Much of the prevailing theory of the structure of materials at the particle scale hinges upon the notion of symmetry.¹ Indeed, the discrete spatial symmetries characteristic of crystalline matter give rise to an elegant structural theory that has seen great success in predicting a long list of physical phenomena.^2,3 A widely acknowledged shortcoming of this symmetry-based understanding, however, is that it offers limited insight into the structure of non-crystalline media^4,5 – an area of growing scientific interest⁶ and technological importance.⁷ The origin of this shortcoming lies in the fact that symmetry merely constitutes a special case of a more general mathematical notion that encompasses all forms of regularity inherent to a data source, often called information.⁸ In this article, we consider the possibility of a general theory of materials structure in which the notion of information plays the role that has traditionally been played by symmetry.

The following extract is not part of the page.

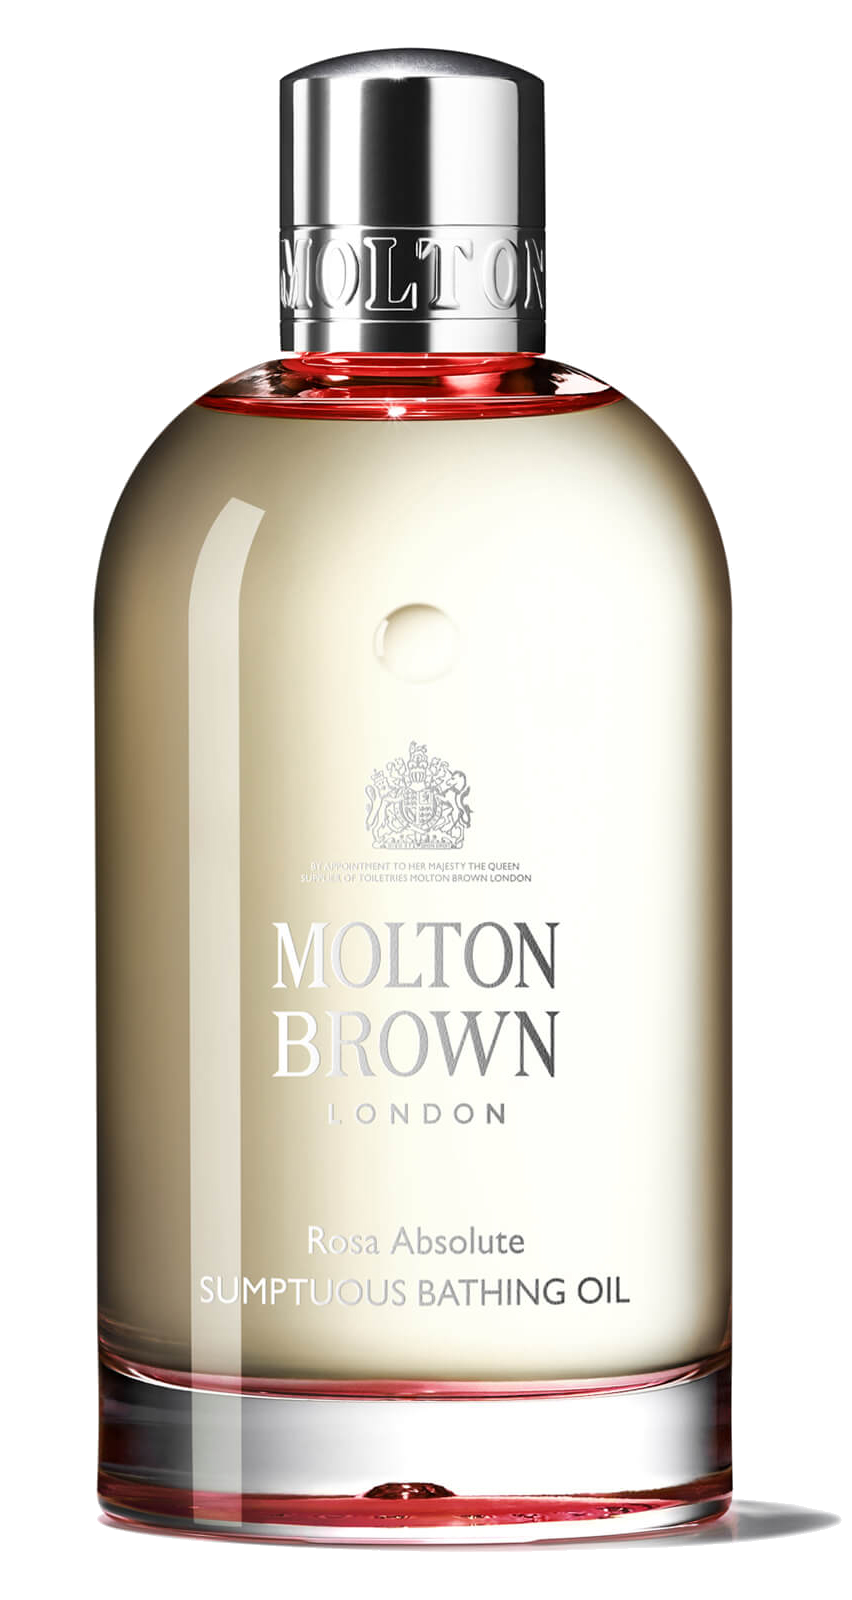 Molton Brown – Rosa Absolute Sumptuous Bathing Oil

From positions to distances

Density functional theory reveals that the macroscopic properties of a solid are uniquely determined by its electronic density in ground state and that this density is obtainable from the external potential due to positively charged atomic nuclei.⁹ Supposing the charges of the nuclei are known, the potential is in turn recoverable from nuclear positions via Coulomb's law. Thus, the ground-state properties of a solid are fully determined by the positions of its nuclei. This provides a physical rationale for the mathematical representation of a material as a set of point-like particles per crystallography and the classical formulations of statistical mechanics and molecular dynamics.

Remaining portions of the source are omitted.